▸ WORK REQUEST: Beginning with the line containing "Sisters Rocks State" and ending with the line containing "жесткий диск Transcend", write out each line of the records below exactly; pictures and lines outside that range are left out.

▸ ENTRIES SHOWN:

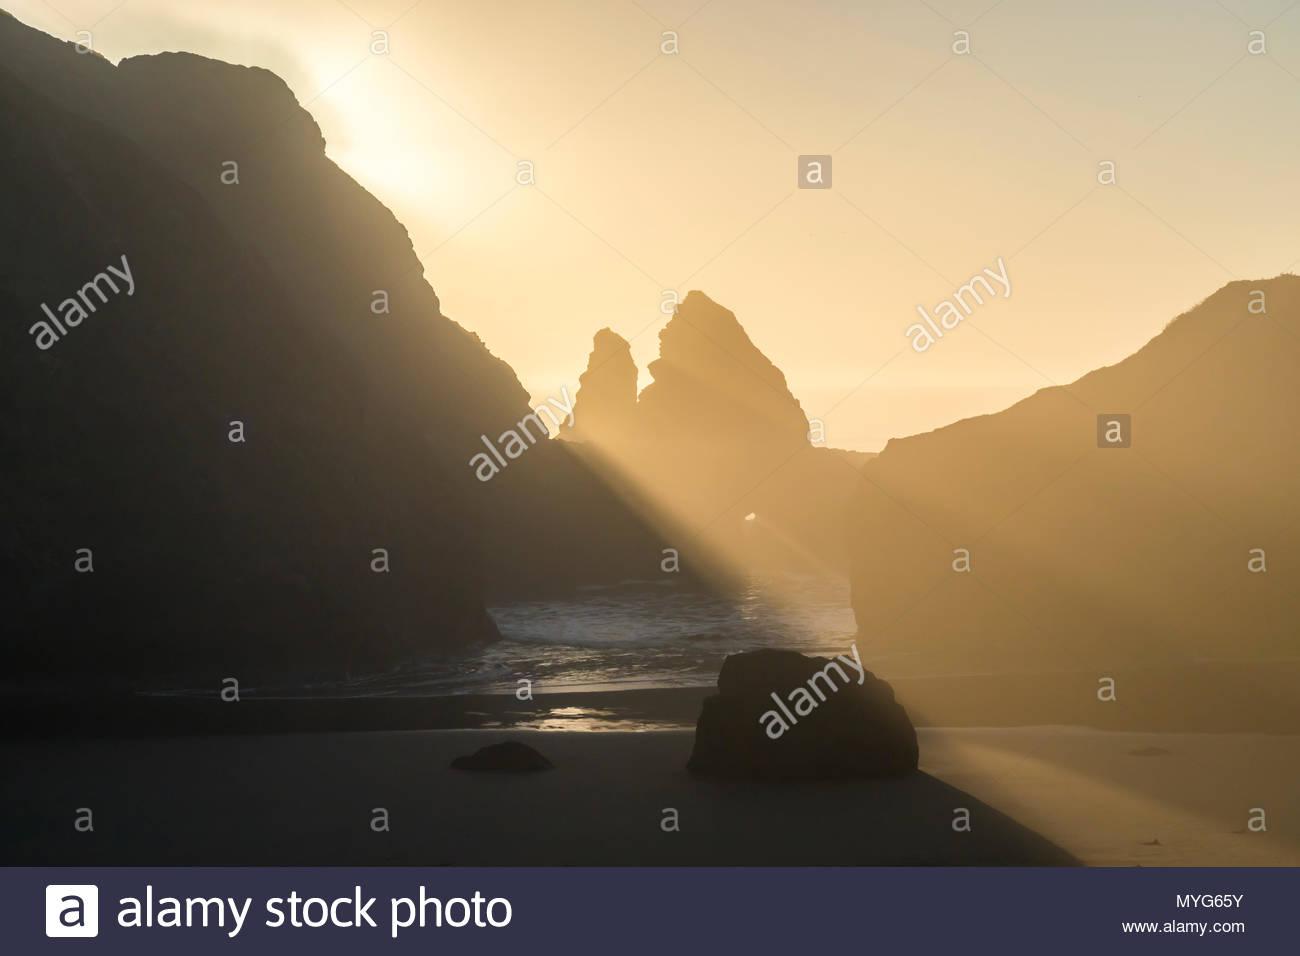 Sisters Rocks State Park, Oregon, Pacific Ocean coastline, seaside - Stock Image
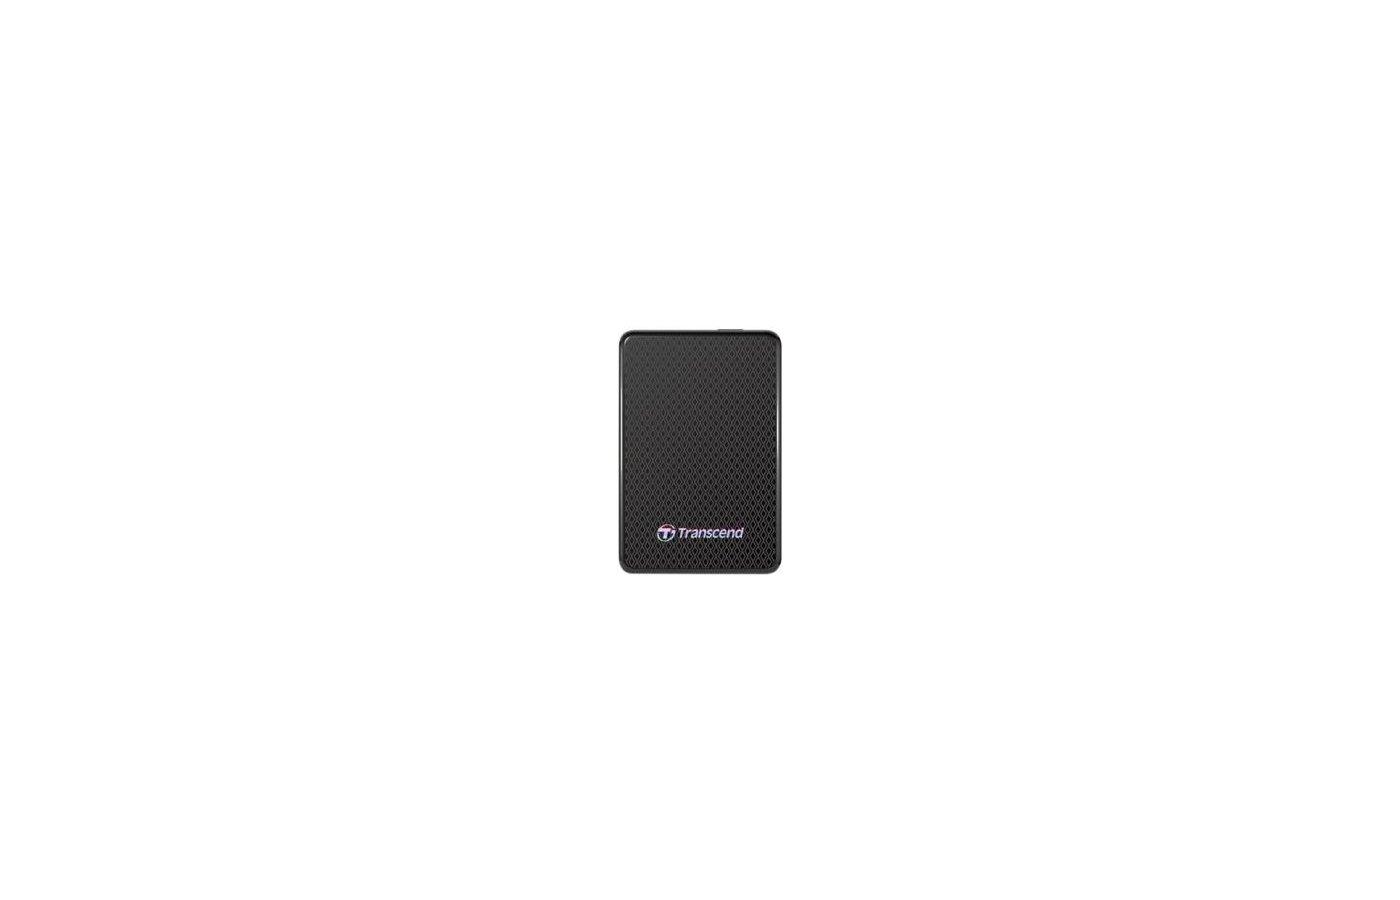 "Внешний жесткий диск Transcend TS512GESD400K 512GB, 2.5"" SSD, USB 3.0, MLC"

---

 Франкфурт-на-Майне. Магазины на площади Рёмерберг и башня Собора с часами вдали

▸ REPLY:
 Sisters Rocks State Park, Oregon, Pacific Ocean coastline, seaside - Stock Image
 "Внешний жесткий диск Transcend TS512GESD400K 512GB, 2.5"" SSD, USB 3.0, MLC"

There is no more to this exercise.